Keputusan tersebut disampaikan dalam pernyataan bersama delapan menteri luar negeri, yakni Indonesia, Turki, Mesir, Yordania, Pakistan, Qatar, Arab Saudi, dan Uni Emirat Arab. Pernyataan itu diunggah melalui kanal media sosial Kementerian Luar Negeri RI pada Kamis (22/1/2026).
Dalam dokumen tersebut, para menlu menyatakan kesiapan negara masing-masing untuk menjadi bagian dari Dewan Perdamaian Gaza. Mereka juga menegaskan bahwa dokumen keikutsertaan akan segera ditandatangani mengikuti mekanisme dan aturan hukum nasional di tiap negara.
Tak hanya sekadar bergabung, delapan negara ini juga menyampaikan dukungan pada rencana perdamaian yang diinisiasi Trump. Dewan tersebut diharapkan dapat berfungsi sebagai “otoritas sementara” di Jalur Gaza, terutama dalam masa transisi pasca-konflik yang panjang dan kompleks.
Mengacu Resolusi DK PBB
Menariknya, inisiatif Dewan Perdamaian ini disebut telah masuk dalam Rencana Komprehensif Mengakhiri Konflik Gaza yang didukung Resolusi 2803 Dewan Keamanan PBB. Delapan negara itu berharap langkah kolektif ini bisa mempercepat terwujudnya perdamaian yang adil serta membuka ruang pemulihan bagi warga Gaza
Dalam pernyataan bersama, para menlu juga menekankan prinsip yang selama ini jadi poin penting di forum internasional: hak rakyat Palestina untuk membentuk negara berdaulat, sesuai hukum internasional dikutip Antara.

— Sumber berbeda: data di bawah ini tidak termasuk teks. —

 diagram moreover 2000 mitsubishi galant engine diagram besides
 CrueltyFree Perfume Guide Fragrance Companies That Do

Mereka menilai jika jalur politik dan diplomasi dibuka lebih lebar, maka peluang untuk menghadirkan keamanan dan stabilitas jangka panjang akan lebih nyata—bukan hanya untuk Palestina, tapi juga bagi negara-negara di kawasan.

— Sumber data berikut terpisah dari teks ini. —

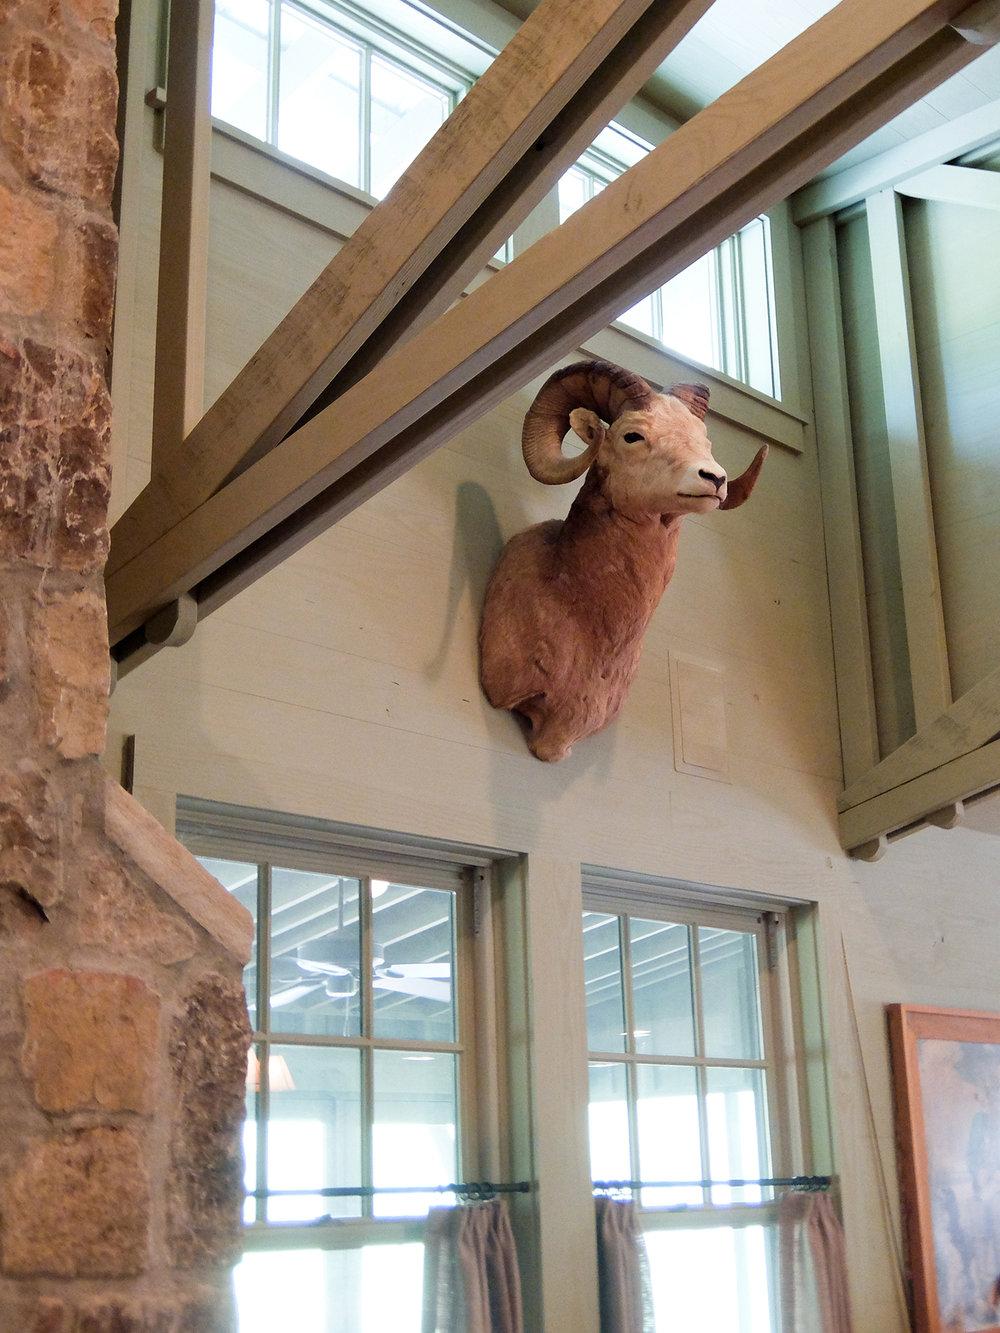 sugar_creek_farm_21_lakehouse_lake_house_stone_fireplace_vaulted_ceiling_clerestory_window_truss_farmhouse_1500.jpg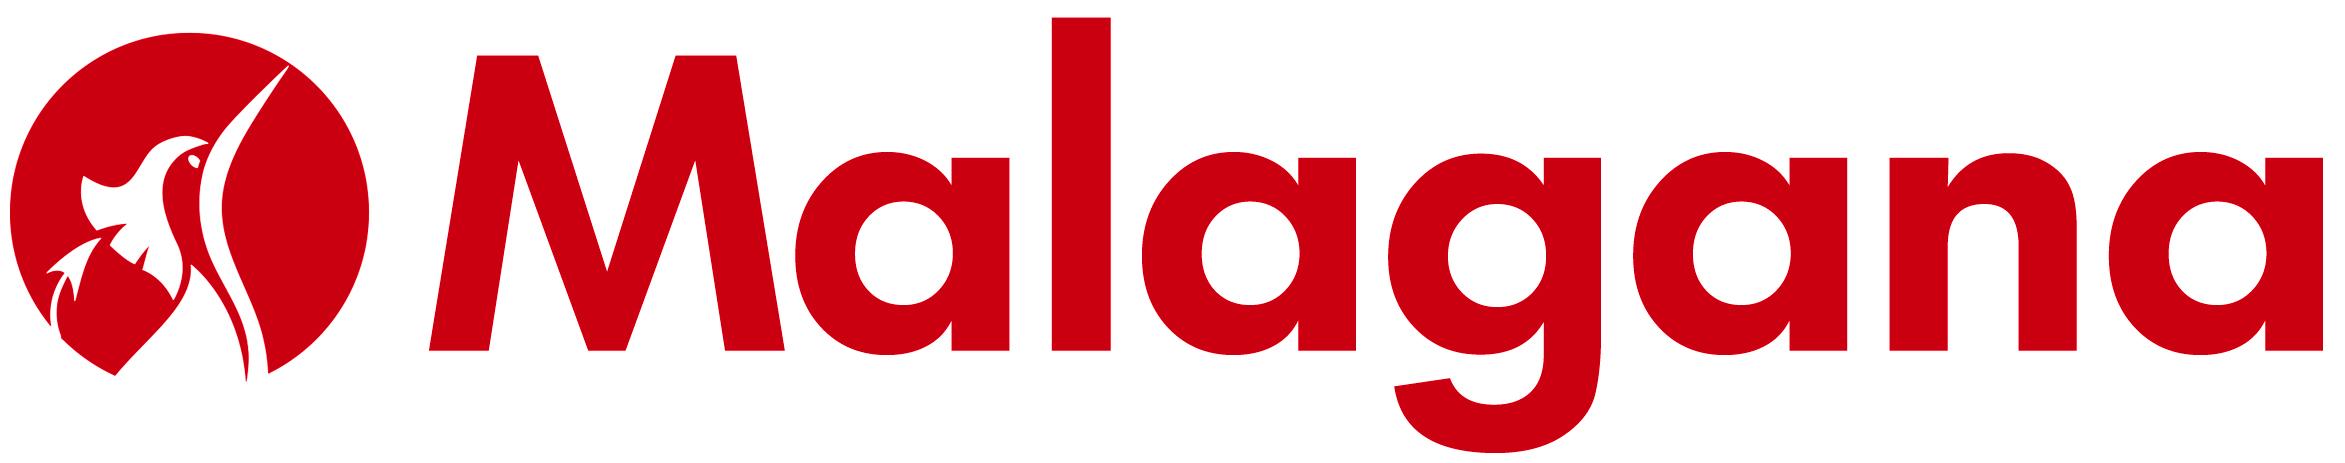 Malagana Logo

Dewan Bentukan Trump, Respons Dunia Beragam
Sepekan sebelumnya, Trump mengumumkan pembentukan Dewan Perdamaian Gaza, sekaligus menyebut sejumlah tokoh yang akan terlibat, termasuk utusan khusus AS Steve Witkoff dan Jared Kushner. Dewan ini diberi mandat mengawasi mobilisasi dukungan internasional untuk Gaza, dari sisi pembangunan kembali hingga pengelolaan sumber daya.

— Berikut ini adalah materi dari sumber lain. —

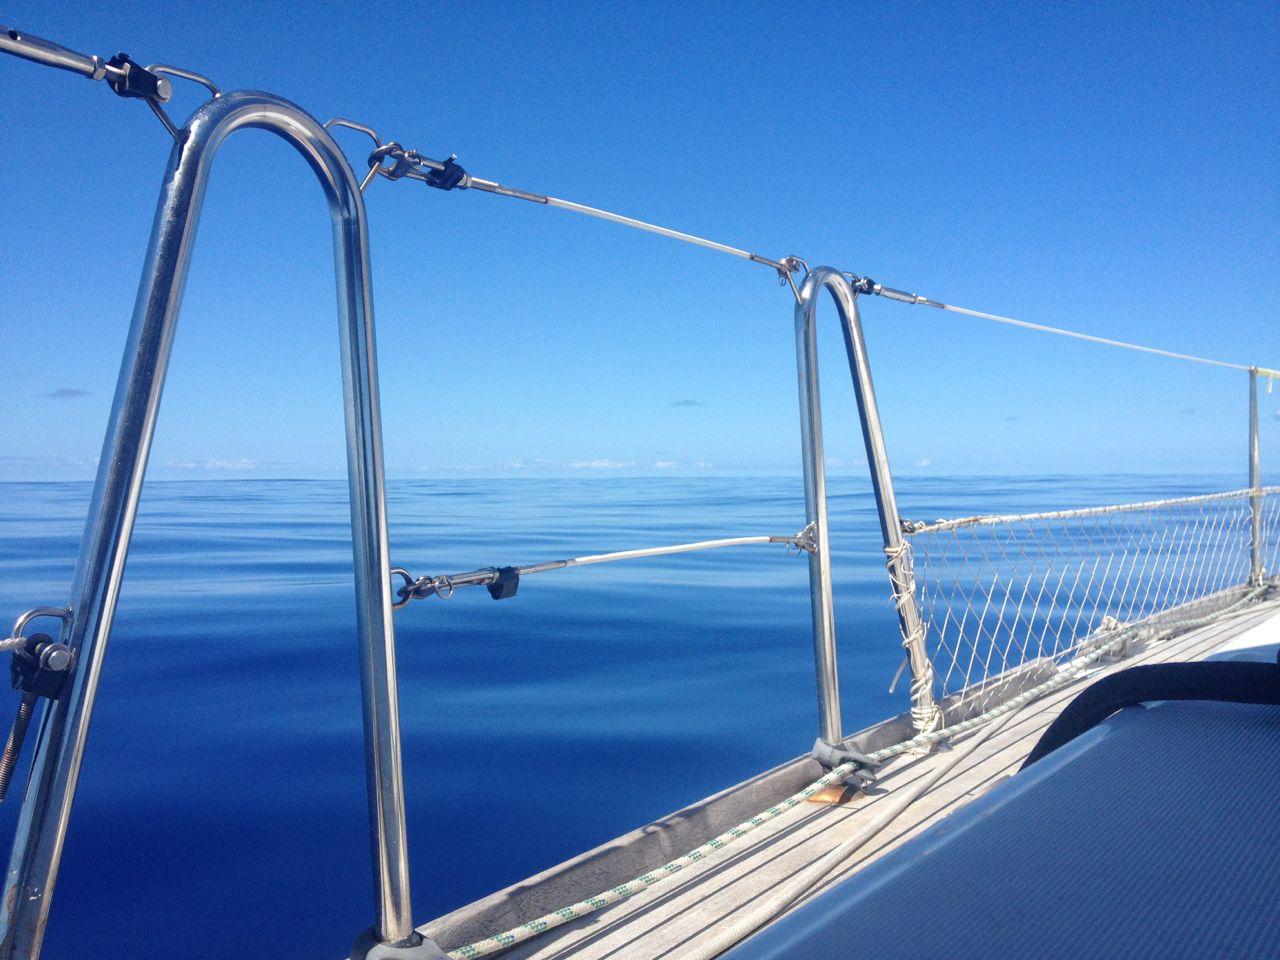 Absolute Flaute auf dem Weg nach Tonga mit der hapa na sasa

Namun, langkah Washington ini memunculkan respons yang tidak seragam. Sejumlah pihak—terutama di Eropa—menyatakan kekhawatiran bahwa Dewan tersebut dapat menggeser peran sentral PBB dalam penanganan konflik global.
Di tengah pro dan kontra itu, Indonesia bersama tujuh negara lain menegaskan posisi: yang utama adalah memastikan proses menuju perdamaian tetap berjalan dan membawa dampak nyata bagi rakyat Gaza serta masa depan Palestina.